Isi fez as entrevistas distraidamente. Pensava constantemente em Philippe e em como o destino traça caminhos diferentes dos que escolhemos. Por alguns meses pensou que tinha tudo controlado, que o seu futuro estava muito bem delineado. Mas viu-se obrigada a mudar o seu percurso mais de uma vez.
Quando deixou a casa de Isabelle, decidiu que viveria com Matheus, até o seu filho nascer, como Philippe voltou, teve de fugir, sabia que estava noivo e não queria que ele ficasse com ela por causa do filho. Com a ajuda de Matheus, alterou mais uma vez os seus planos, arranjou emprego, para não a encontrar usaria o seu segundo nome, ele depressa se esqueceria dela e assim que o filho tivesse idade para viajar iria para outro país, onde viveria afastada dele.
Mas deu-se a morte de Isabelle e herdou o palacete, tinha de respeitar os requisitos da madrinha, não pelo valor do palacete mas porque queria respeitar a última vontade da madrinha. Ela ia deixar bem claro que ele não seria bem vindo, conhecendo o lado orgulhoso dele sabia que ele nunca mais a procuraria e poderia viver em paz com o filho. Quando Leonard fosse crescido iria dizer-lhe quem era o pai e aí se ele o entendesse podia procurá-lo.
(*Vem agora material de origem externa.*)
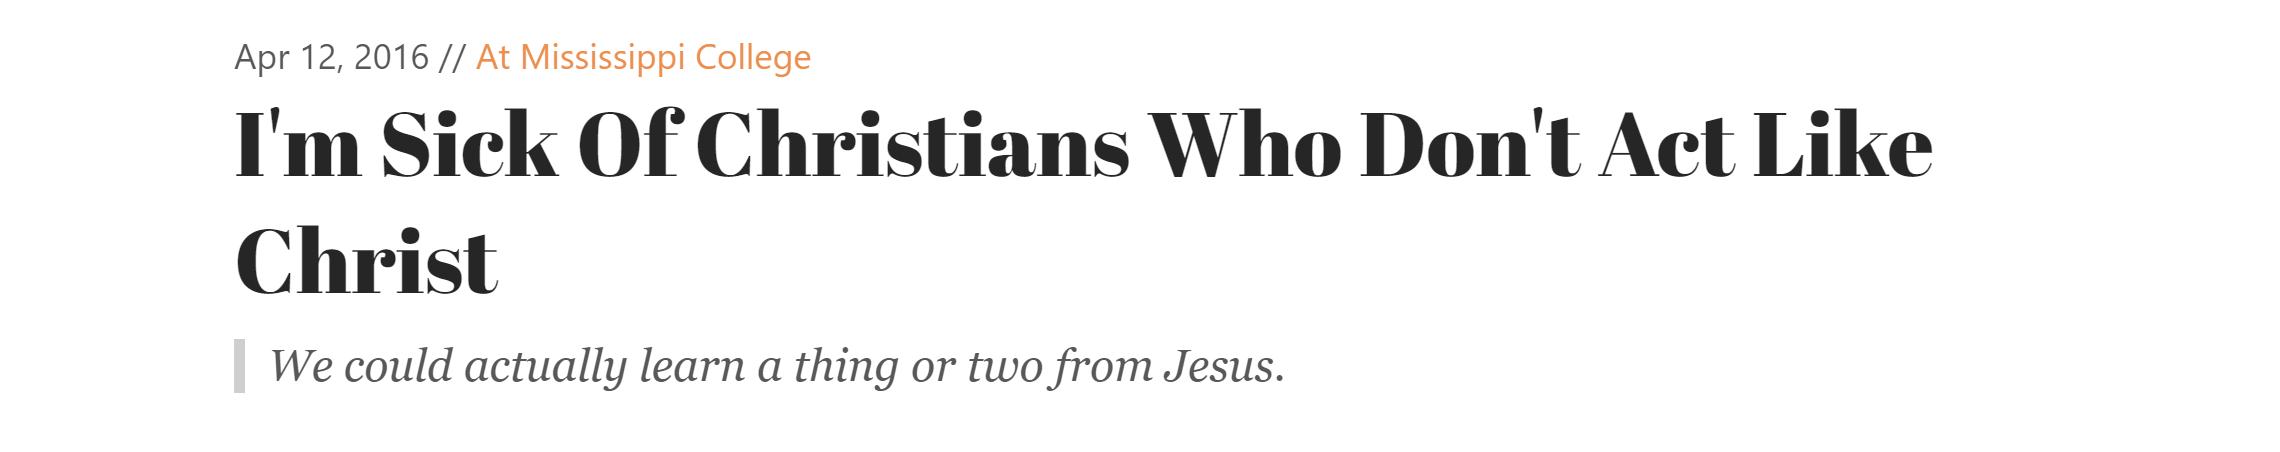 christlike headline6.png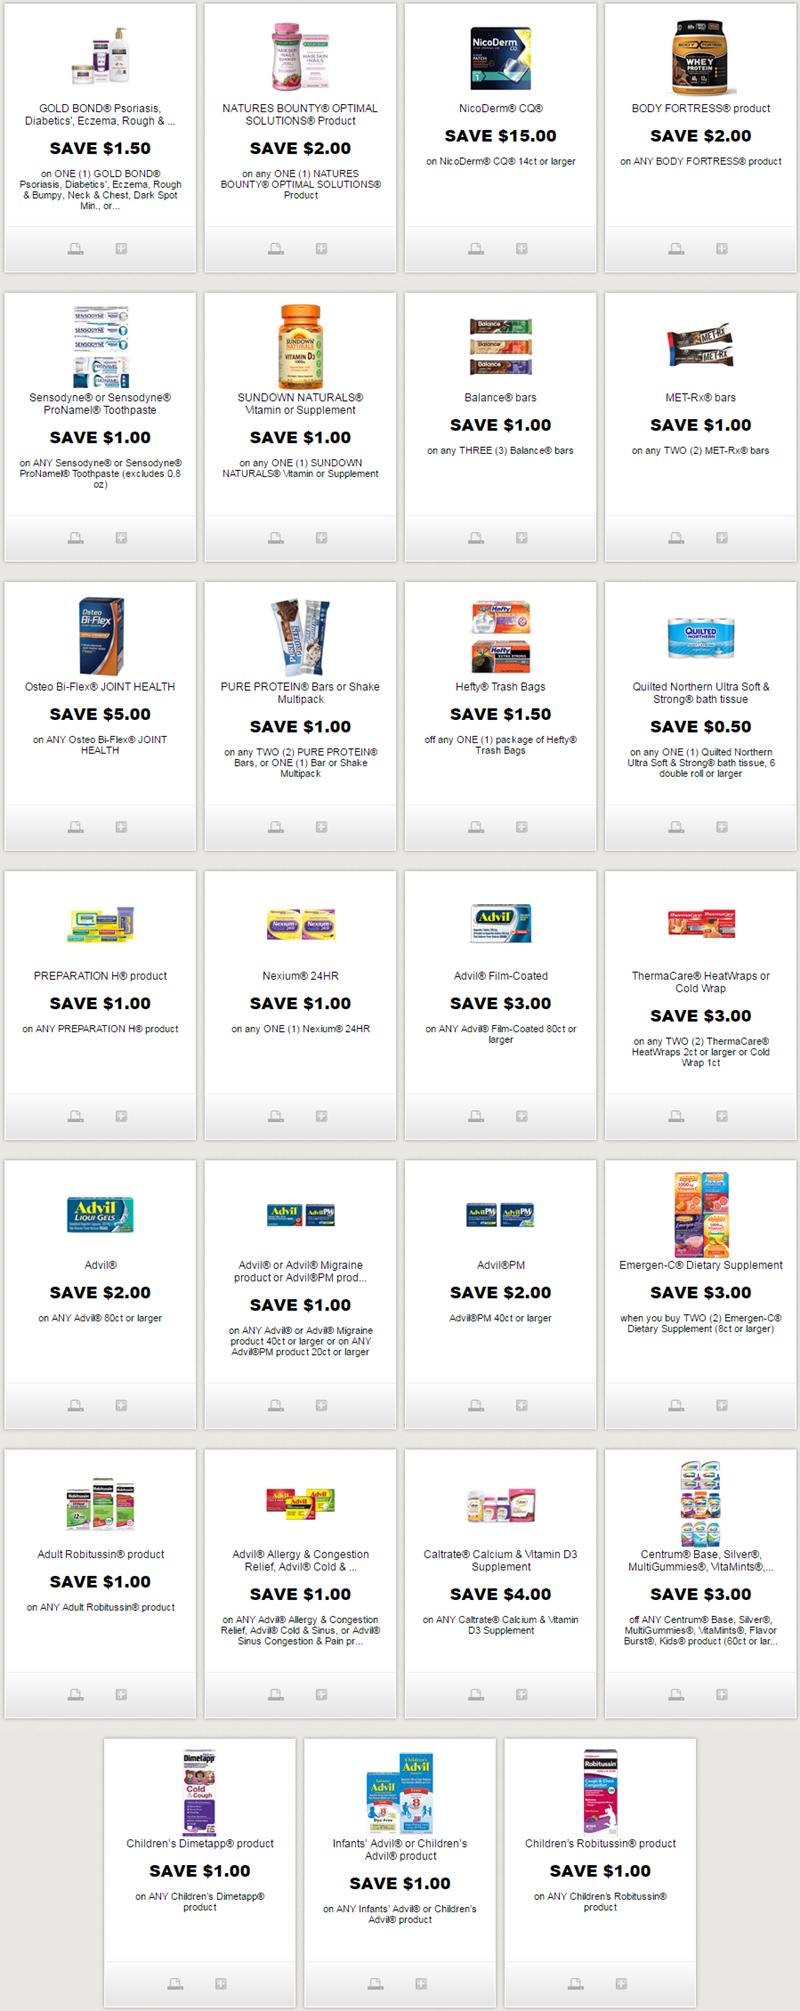 New Printable Coupons For Hefty Advil Centrum More Http Www Iheartcoupons Net P Redplum Html Coupons Couponing Printable Coupons Centrum Coupons

Podia conviver com o pai sempre que ele quisesse, mas sempre longe dela. Não queria reviver toda a dor que sentiu ao descobrir que Philippe estava noivo, nem o ingénua que foi ao apaixonar-se por um homem mais velho, imaginando que ele também a amava. Durante noites martirizou-se com imagens dele abraçado a outra mulher, beijando-a como a beijou a ela, levando-a à loucura com um simples toque. Adormeceu tantas vezes a chorar que se proibiu de pensar nele, era doloroso demais recordar o que tinha sido e constatar que apesar de tudo, ainda o amava.
E agora o destino voltava a obrigá-la a seguir outro caminho, um onde Philippe, independentemente de estar casado, faria parte da vida dela quer ela gostasse quer não.